German politician (born 1955)

Gabriele "Gabi" Weber (born 24 March 1955) is a German politician of the Social Democratic Party (SPD) who served as a member of the German Bundestag from 2013 until 2021.

==Early life and career==
Weber went to college from 1969 to 1972 and did a training as a ceramic painter. She worked in this profession until 1980.

Since 1969, Weber has been a member of the union IG Chemie-Papier-Keramik (trade union for Chemistry-Paper-Ceramics in Germany). From 1980 to 1982 she was trained as a full-time union secretary. From 1980 to 1991 she was Union Secretary at the Confederation of German Trade Unions (DGB) in the city of Kassel. In the same position, she was employed from 1991 to 1993 for DGB Rhein-Lahn and from 1996 to 2001 DGB Koblenz; from 1993 to 1995 she served as chairperson of the DGB district Rhein-Lahn. From 2001 up until November 2015 she was union chairwoman of the DGB Region Koblenz.

==Political career==
===Role in regional politics===
Since 1972 Weber has been member of the centre-left SPD. From 1998 to 2003 she was a member of the local council of Verbandsgemeinde Wirges. Since 2009 she has been serving on the city council of Wirges.
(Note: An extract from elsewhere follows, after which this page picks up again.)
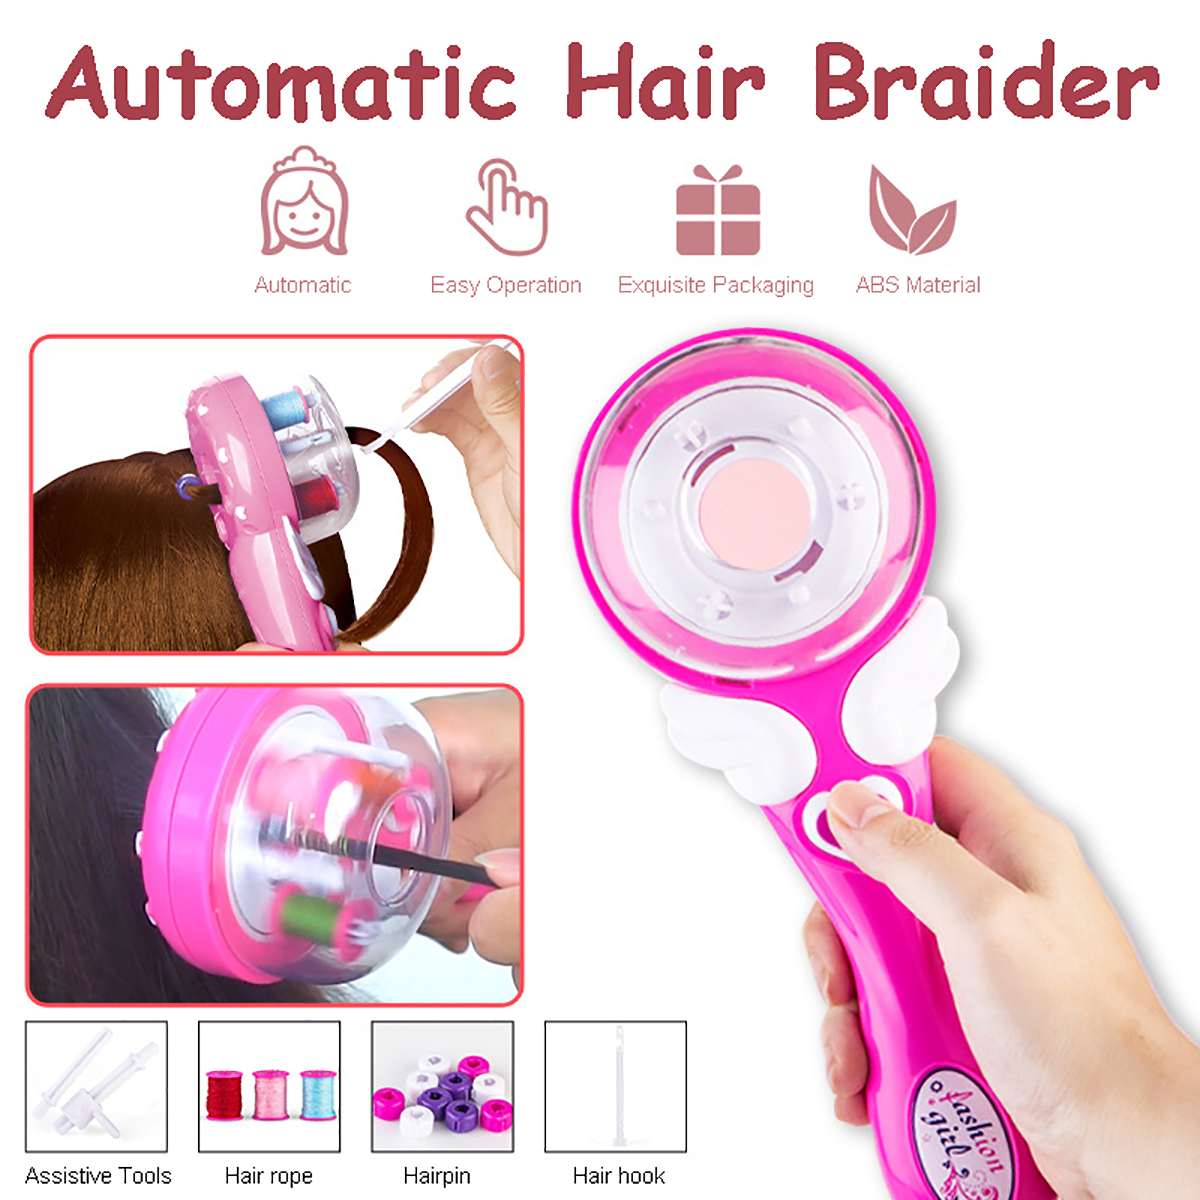 Hair Styling Tools Haar Braider Automatisch Braid Machine Elektrische Hennep Bloemen Haar Braide Haar Braider Apparaat Kit
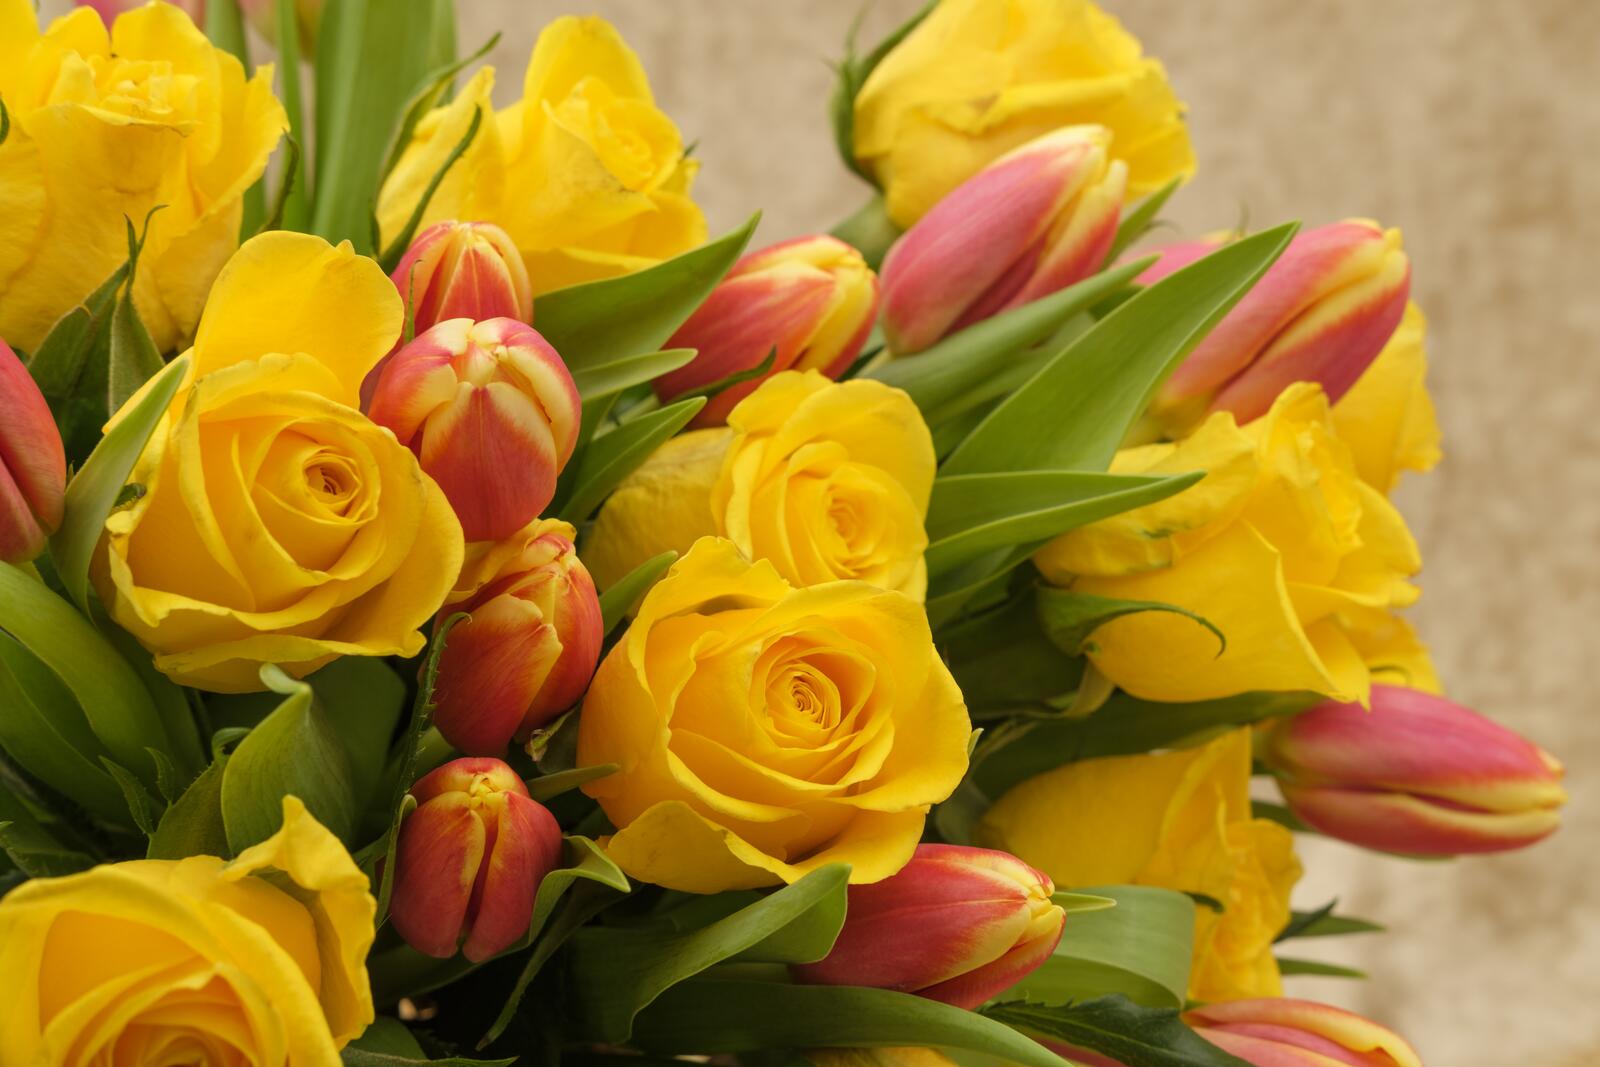 Обои флора икебана тюльпаны на рабочий стол

===Member of the German Bundestag, 2013–2021===
In the 2013 national elections, Weber stood as a candidate in the parliamentary constituency of Montabaur and at no. 9 at the Rhineland-Palatinate state list of SPD, led by Andrea Nahles. She was subsequently elected to the German Bundestag.

In her first term, Weber was a member the Defence Committee, the Committee on Economic Cooperation and Development and the Sub-Committee on Civilian Crisis Prevention and Integrated Conflict Management. In addition, she served as vice-chairwoman of the Parliamentary Friendship Group for the States of East Africa, which is in charge of maintaining inter-parliamentary relations with Ethiopia, Burundi, Djibouti, Eritrea, Kenya, Rwanda, Somalia, Sudan and Uganda; thus far, Weber has visited Kenya, Rwanda and Burundi.

A member of the Defence Committee, Weber served as the SPD parliamentary group’s rapporteur on the budget of the Federal Ministry of Defence as well as on relations to the Baltic states and Scandinavia. On the Committee on Economic Cooperation and Development, she was her parliamentary group’s rapporteur on arms exports as well as on Afghanistan, Pakistan, South Asia and East Africa. Within her parliamentary group, she served as deputy spokesperson on security policy and as member of the working group on demographic change.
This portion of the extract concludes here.